Kukliński brought some of these accusations on himself when, despite his initial declarations that his visit to Poland was apolitical, he went on to criticize what he called the continued existence of old arrangements in the military and the weakness of current Defense Minister Janusz Onyszkiewicz.

Kukliński's visit, postponed many times, coincided with the U.S. Senate vote approving NATO enlargement. Kukliński's supporters, most of them linked with radically anti-communist circles, see this as a symbolic coincidence. They stress Kukliński's contribution to the fall of communism and the regaining of Poland's independence.

For Kukliński's opponents on the other hand, most of them Democratic Left Alliance (SLD) voters, he remains a man who broke the military code and cheated his colleagues and supervisors. President Aleksander Kwa¶niewski indirectly supported this opinion recently when he confirmed that he will not meet with Kukliński because "as commander-in-chief of the armed forces, I cannot applaud activities which are contrary to the principles of soldierly loyalty and discipline."

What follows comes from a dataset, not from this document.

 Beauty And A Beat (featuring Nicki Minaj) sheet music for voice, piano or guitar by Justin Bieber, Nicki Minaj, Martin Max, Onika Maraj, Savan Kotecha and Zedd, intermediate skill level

Kukliński's supporters gave him a hero's welcome to Poland. They believe that Kukliński, who established cooperation with the CIA in 1972, chose the only realistic means of opposing Poland's political and military dependence on the Soviet Union. In an interview for Paris-based Kultura magazine in 1986, Kukliński gave the ideological motives behind his decision to spy for the CIA. These included the clearly aggressive character of Soviet war plans and also the role played by the Polish Army in the 1968 invasion of Czechoslovakia and the crackdown on the workers' revolt on the Polish coast two years later. Kukliński referred to this crackdown when he received honorary citizenship of Gdańsk several days ago. He also received honorary citizenship of Cracow during his visit.

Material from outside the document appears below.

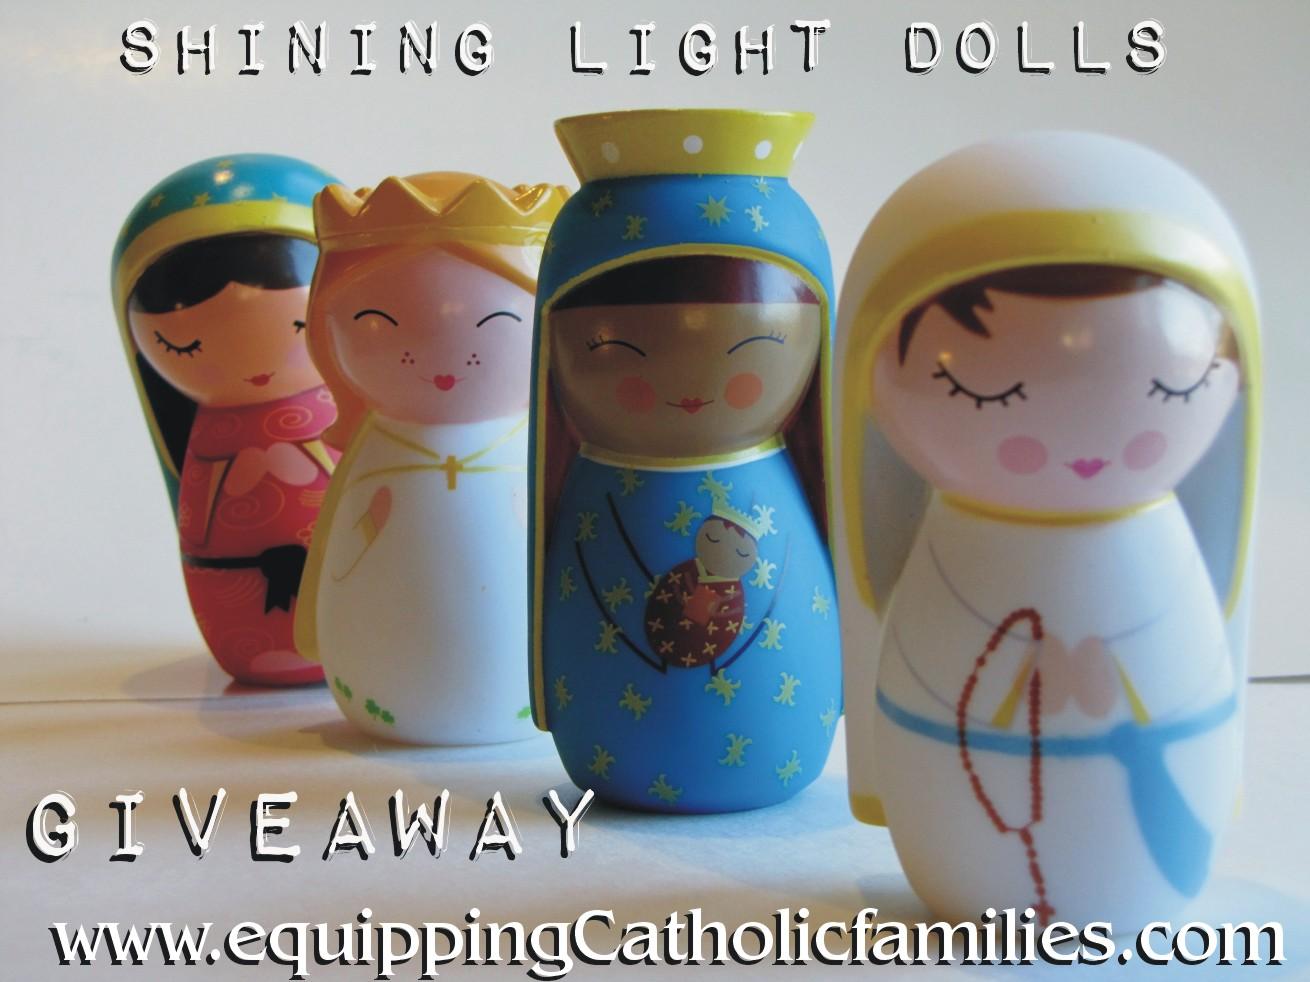 Shining Light Dolls: GIVEAWAY!

According to information from the United States, Kukliński, while working in the Polish military's General Staff, transferred about 35,000 pages of secret documents to the Americans between 1972 and 1981. These were chiefly documents concerned with the planned Warsaw Pact invasion of NATO countries and documents on the introduction of martial law in Poland. The acquisition of these last documents, say Kukliński's supporters, led to an unprecedented move by then-U.S. President Jimmy Carter and his Polish-born National Security Adviser Zbigniew Brzeziński in December 1980 when they warned the Soviet Union against carrying out its plan to stage military intervention in Poland. In November 1981, Kukliński, under threat of being unmasked, was spirited out of Poland by the CIA along with his family. Since then, he has been living in the United States.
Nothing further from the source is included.